The competition between one another, which began as kids, continues to this day. The Barretts are both aiming to be world champions and they’ve managed to help each other along the way despite different fight styles, sharing advice in and out of the cage and driving one another to be successful.
“Normally, it comes in the form of, ‘Hey, you’re a fucking idiot. Don’t do that!’” Peter said. “It’s just constructive criticism. We’re always giving each other feedback.”
Max admits he’s the more “laid back” of the two, both in real life and inside the cage, but he and his brother have displayed similar knockout power; Peter is Cage Titans’ all-time leader in career knockouts as he enters Friday’s fight against the dangerous Davis, who is coming off a first-round knockout win at “Cage Titans 29” in June.
Having fought on the same fight card before, the Barretts are used to the camaraderie and competition and actually prefer to be featured together on the same night because of the support from family and friends.
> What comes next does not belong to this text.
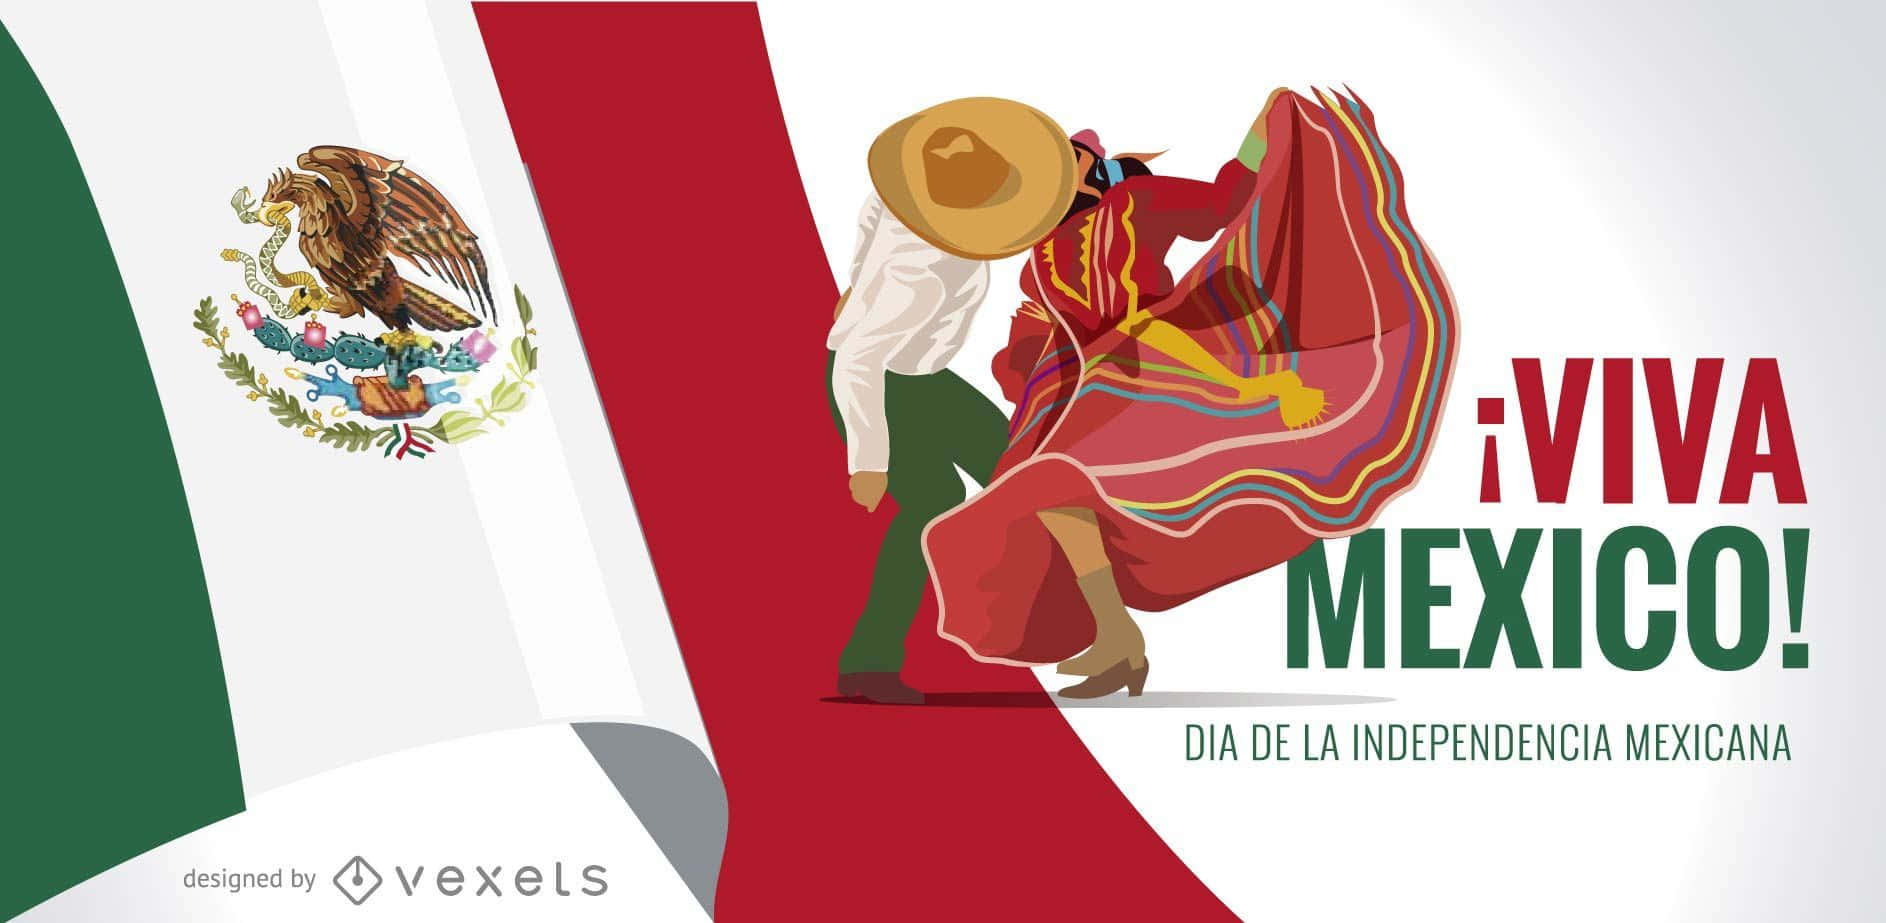 “Viva Mexico! Celebrating the Country's Cultural Heritage.” Wallpaper

On Friday, the stakes are higher than ever with a much larger audience getting their first glimpse of what New England’s toughest fight family is all about.
“We’ve done it before, so it’s just another day for us,” Peter said. “We’re excited about the opportunity.”
Tickets for “CES MMA 39” are priced at $45.00, $55.00, $75.00 and $125.00 (VIP) and can be purchased online at www.cesboxing.com or www.cagetix.com or by phone at 401-724-2253/2254. All fights and fighters are subject to change.
“CES MMA 39” features eight action-packed bouts, including the main event showdown between East Bridgewater, Mass., middleweight Chuck O’Neil (17-8, 6 KOs) and Lawrence, Mass., vet Wilfredo Santiago (6-3, 5 KOs), and a featherweight battle between 25-fight vet Saul Almeida (18-7, 1 KO) of Framingham, Mass., and Abington prospect Manny Bermudez (7-0, 1 KO), who puts his unbeaten record on the line.
Also on the main card, Quincy, Mass., light heavyweight Mike Rodriguez (5-1, 3 KOs) returns following an impressive network television debut at “CES MMA 38” in September to face New Hampshire’s Kevin Haley (5-3, 2 KOs) and Milford, Mass., flyweight Remo Cardarelli (6-4) faces Josh Ricci (2-0) of Whitesville, N.Y.
Sandwich, Mass., welterweight Bobby Flynn (6-3, 1 KO), fresh off his win over Kevin Horowitz at “CES MMA 36,” battles unbeaten Crofton, Md., native Micah Terrill (6-0, 5 KOs) on the main card while Connor Barry (1-0) of Holbrook, Mass., faces lightweight Anthony Giachina (1-0) of Selden, N.Y., on the preliminary card.
“CES MMA 39” also features two amateur bouts; Charles Bonnar faces Zach Fritz-Kill and Joe Mikolinksi battles Shane Brady.